/*
* ppd_sup_generator.h
*
* This file is part of NEST.
*
* Copyright (C) 2004 The NEST Initiative
*
* NEST is free software: you can redistribute it and/or modify
* it under the terms of the GNU General Public License as published by
* the Free Software Foundation, either version 2 of the License, or
* (at your option) any later version.
*
* NEST is distributed in the hope that it will be useful,
* but WITHOUT ANY WARRANTY; without even the implied warranty of
* MERCHANTABILITY or FITNESS FOR A PARTICULAR PURPOSE. See the
* GNU General Public License for more details.
*
* You should have received a copy of the GNU General Public License
* along with NEST. If not, see <http://www.gnu.org/licenses/>.
*
*/
#ifndef ppd_sup_generator_H
#define ppd_sup_generator_H
#include <vector>
#include "nest.h"
#include "event.h"
#include "node.h"
#include "stimulating_device.h"
#include "scheduler.h"
#include "binomial_randomdev.h"
#include "poisson_randomdev.h"
#include "connection.h"
/*BeginDocumentation
Name: ppd_sup_generator - simulate the superimposed spike train of a population of Poisson processes with dead time.
Description:
The ppd_sup_generator generator simulates the pooled spike train of a
population of neurons firing independently with Poisson process with dead
time statistics.
The rate parameter can also be sine-modulated. The generator does not
initialize to equilibrium in this case, initial transients might occur.
Parameters:
The following parameters appear in the element's status dictionary:
rate - mean firing rate of the component processes. (double, var)

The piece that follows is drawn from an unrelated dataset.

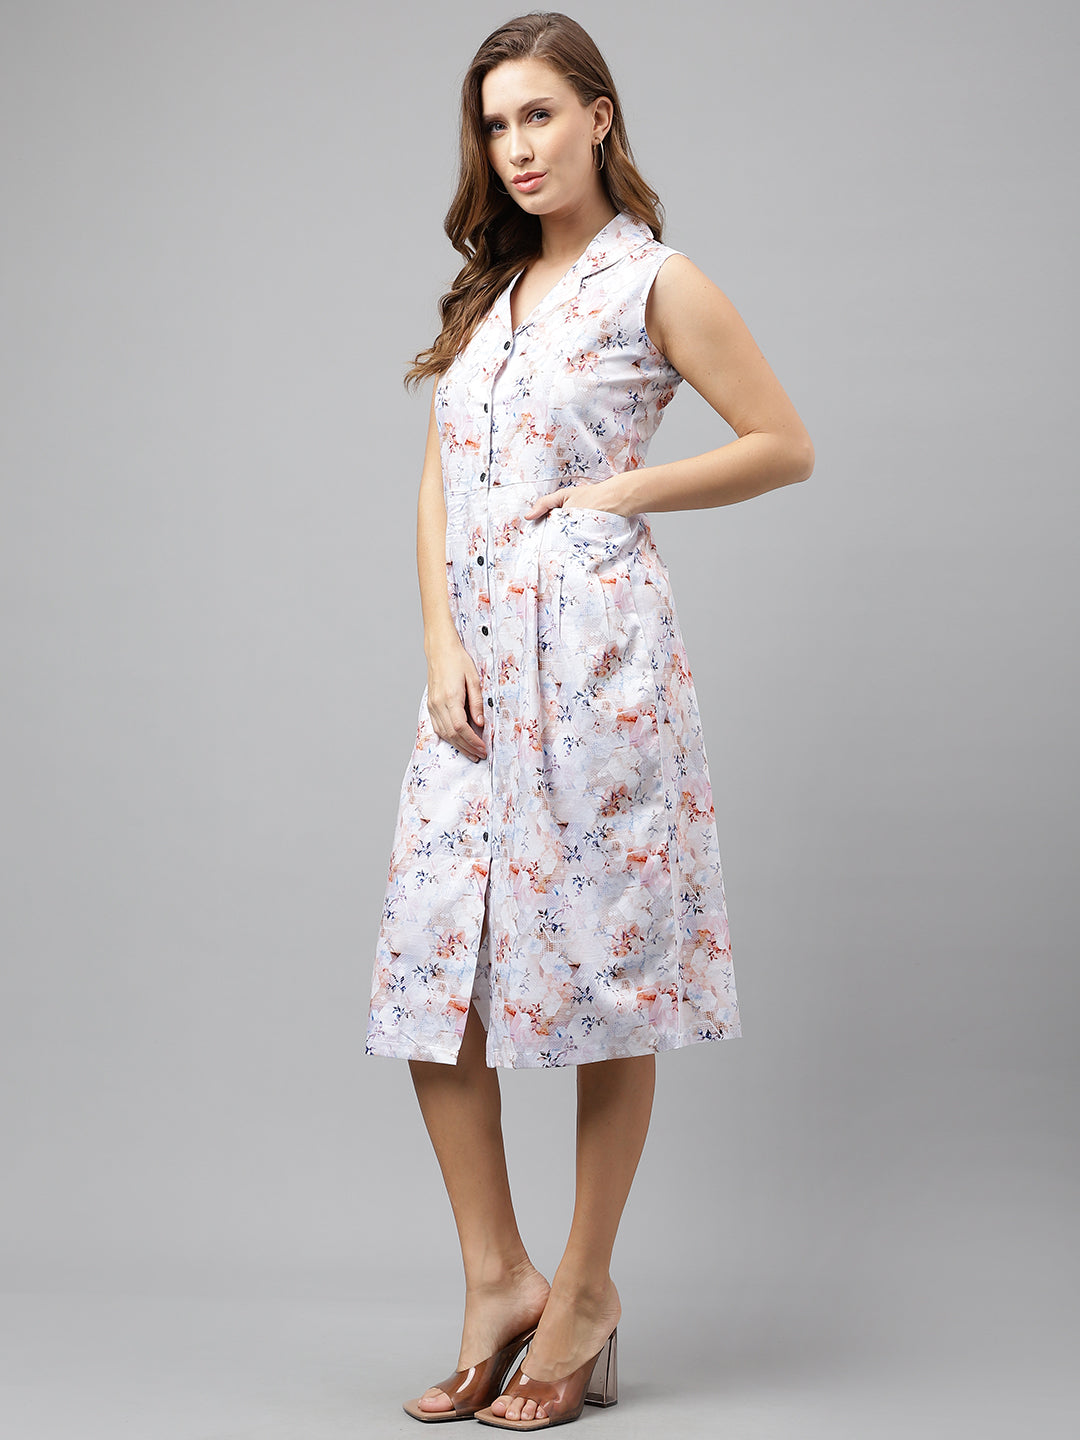 Women White & Pink Pure Cotton Floral Printed Mid Length Sleeveless Regular Fit Formal A-line Dress

dead_time - minimal time between two spikes of the component processes. (double, var)
n_proc - number of superimposed independent component processes. (long, var)
frequency - rate modulation frequency. (double, var)

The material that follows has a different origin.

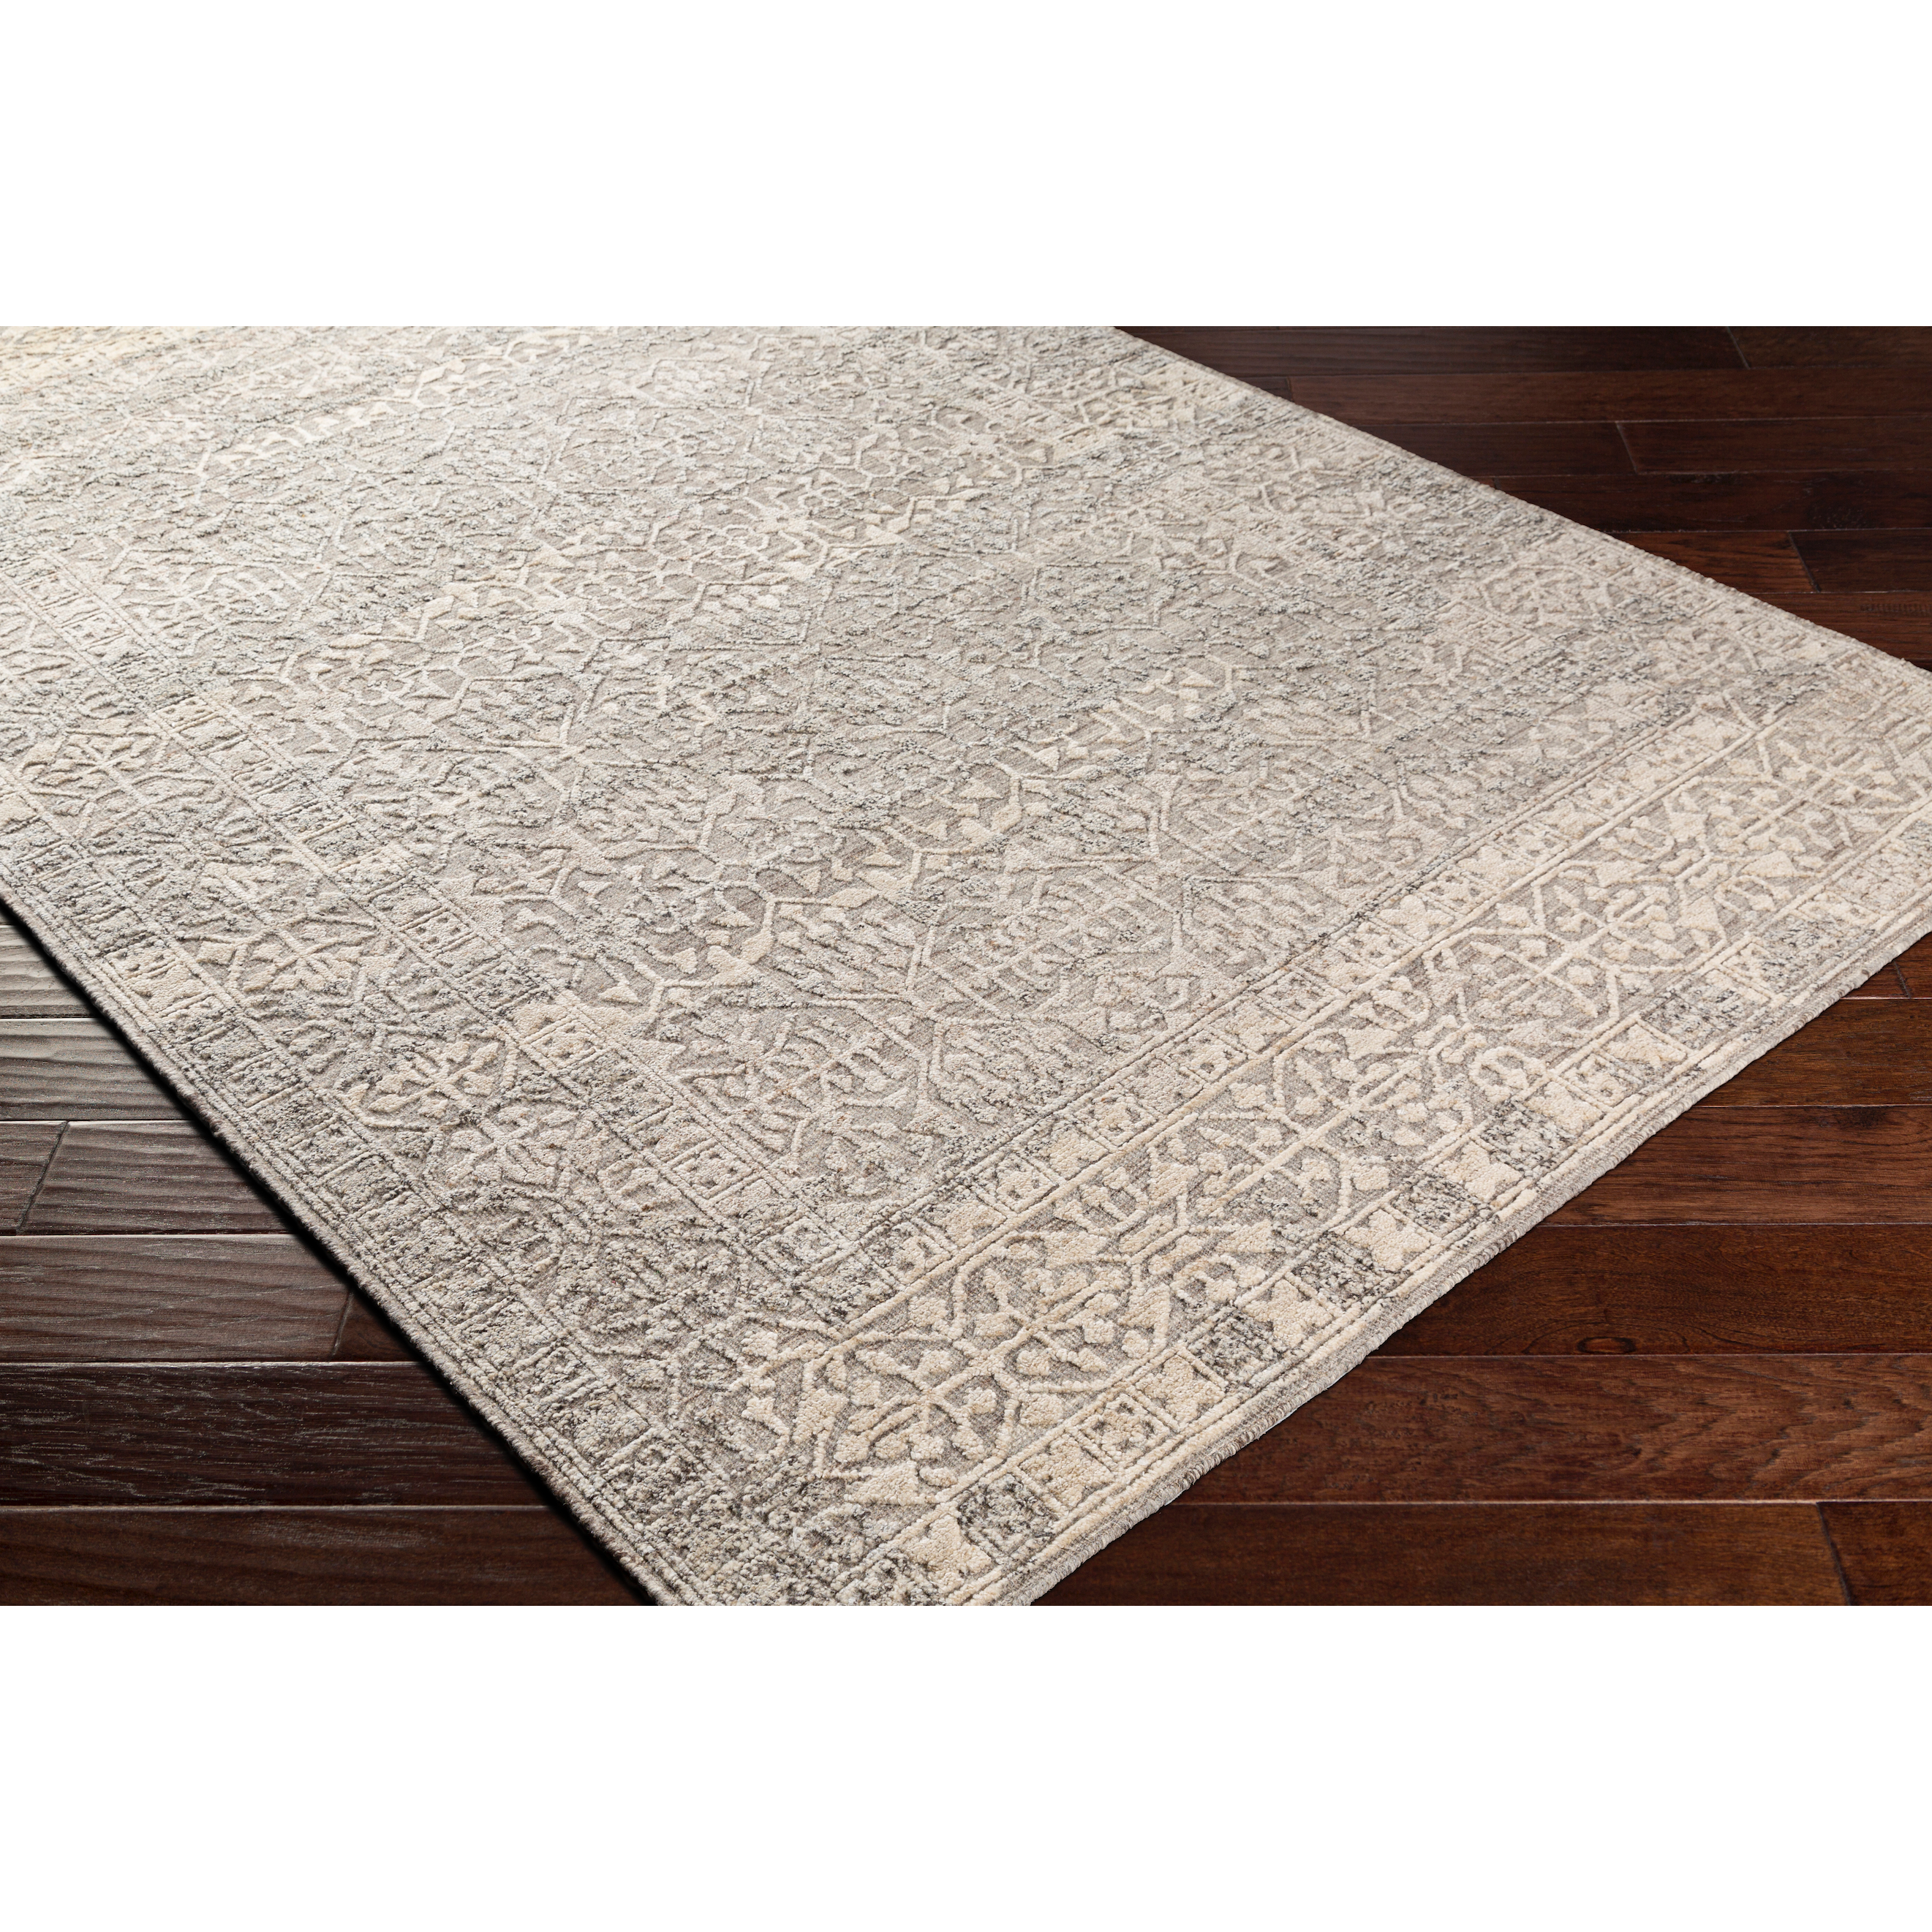 The Tunus Silver Rug features a globally inspired design made from wool. The hand-knotted rug adds wabi sabi charm to any room. Amethyst Home provides interior design, new home construction design consulting, vintage area rugs, and lighting in the Portland metro area.

amplitude - relative rate modulation amplitude. (double, var)
Note:
The generator has been published in Deger, Helias, Boucsein, Rotter (2011)

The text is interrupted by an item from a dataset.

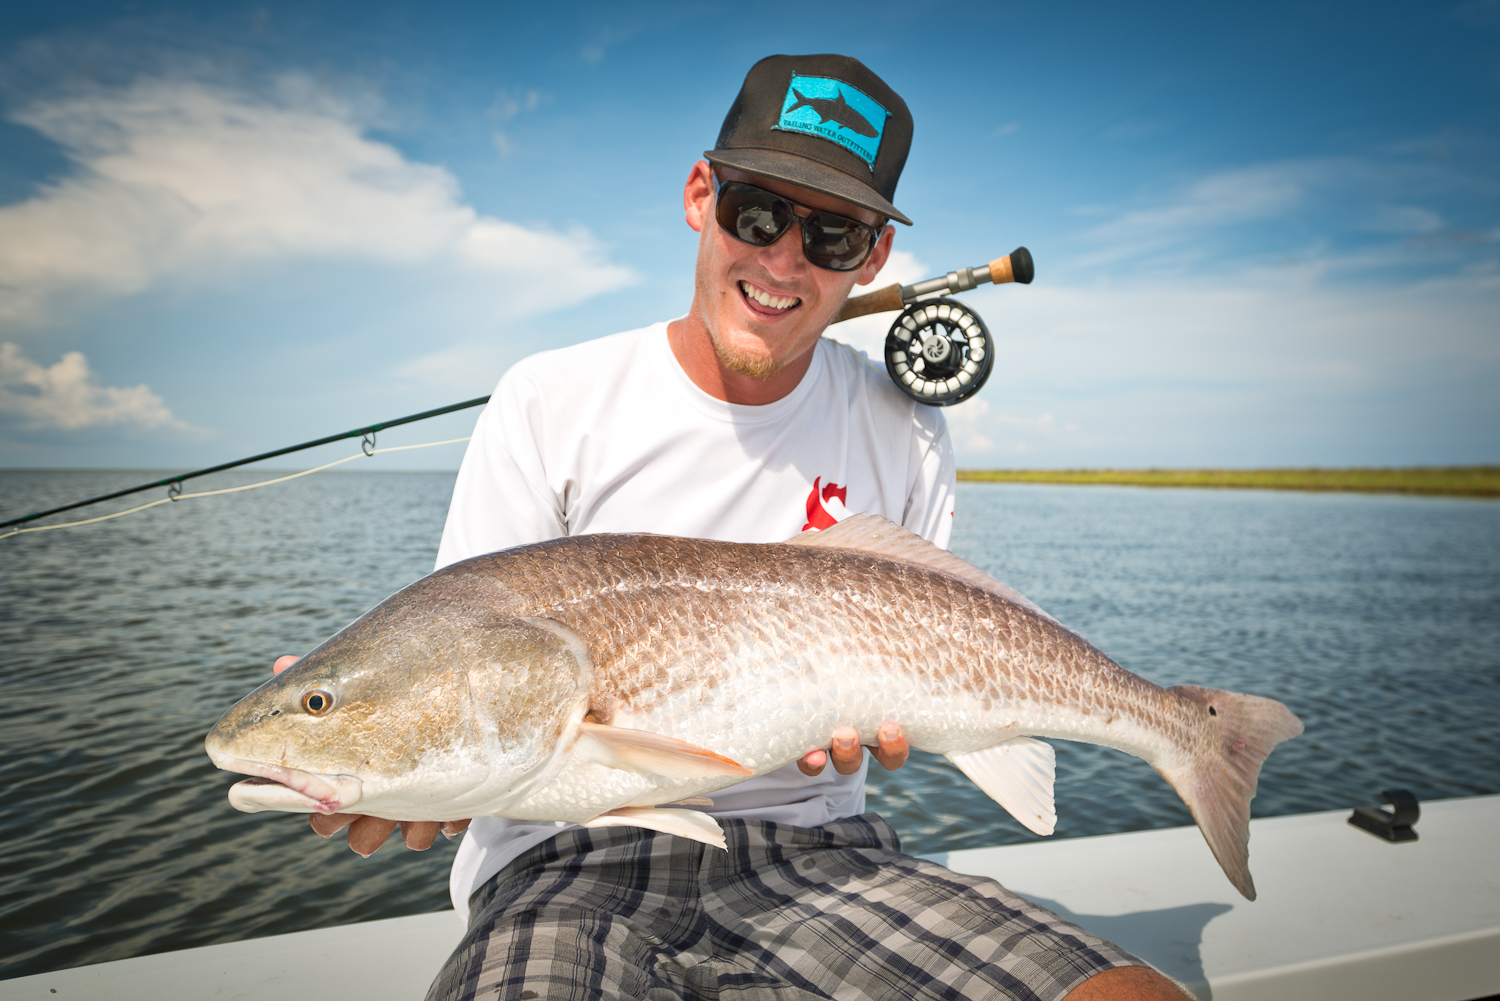 Southern_Fly_Expeditions_Fly_Fishing_Louisiana_Redfish_Eric-Scott-20Aug2015-10.jpg

Statistical properties of superimposed stationary spike trains,
Journal of Computational Neuroscience.
URL: http://www.springerlink.com/content/u75211r381p08301/
DOI: 10.1007/s10827-011-0362-8
Authors:
June 2009, Moritz Deger, Moritz Helias
SeeAlso: gamma_sup_generator, poisson_generator_ps, spike_generator, Device, StimulatingDevice
*/
namespace nest{
/**
* Generator of the spike output of a population of Poisson processes with dead time.
*
* This Poisson process with dead time superposition generator sends different spike
* trains to all its targets.
*
* @ingroup Devices
*/
class ppd_sup_generator: public Node
{
public:
typedef Node base;
ppd_sup_generator();
ppd_sup_generator(const ppd_sup_generator&);
bool has_proxies() const {return false;}
bool is_off_grid() const {return false;} // does not use off_grid events
using Node::event_hook;
port check_connection(Connection&, port);
void get_status(DictionaryDatum &) const;
void set_status(const DictionaryDatum &);
private:
void init_state_(const Node&);
void init_buffers_();
void calibrate();
/**
* Update state.
* Update cannot send spikes directly, since we need to identify each
* target to know the age distribution of the component processes.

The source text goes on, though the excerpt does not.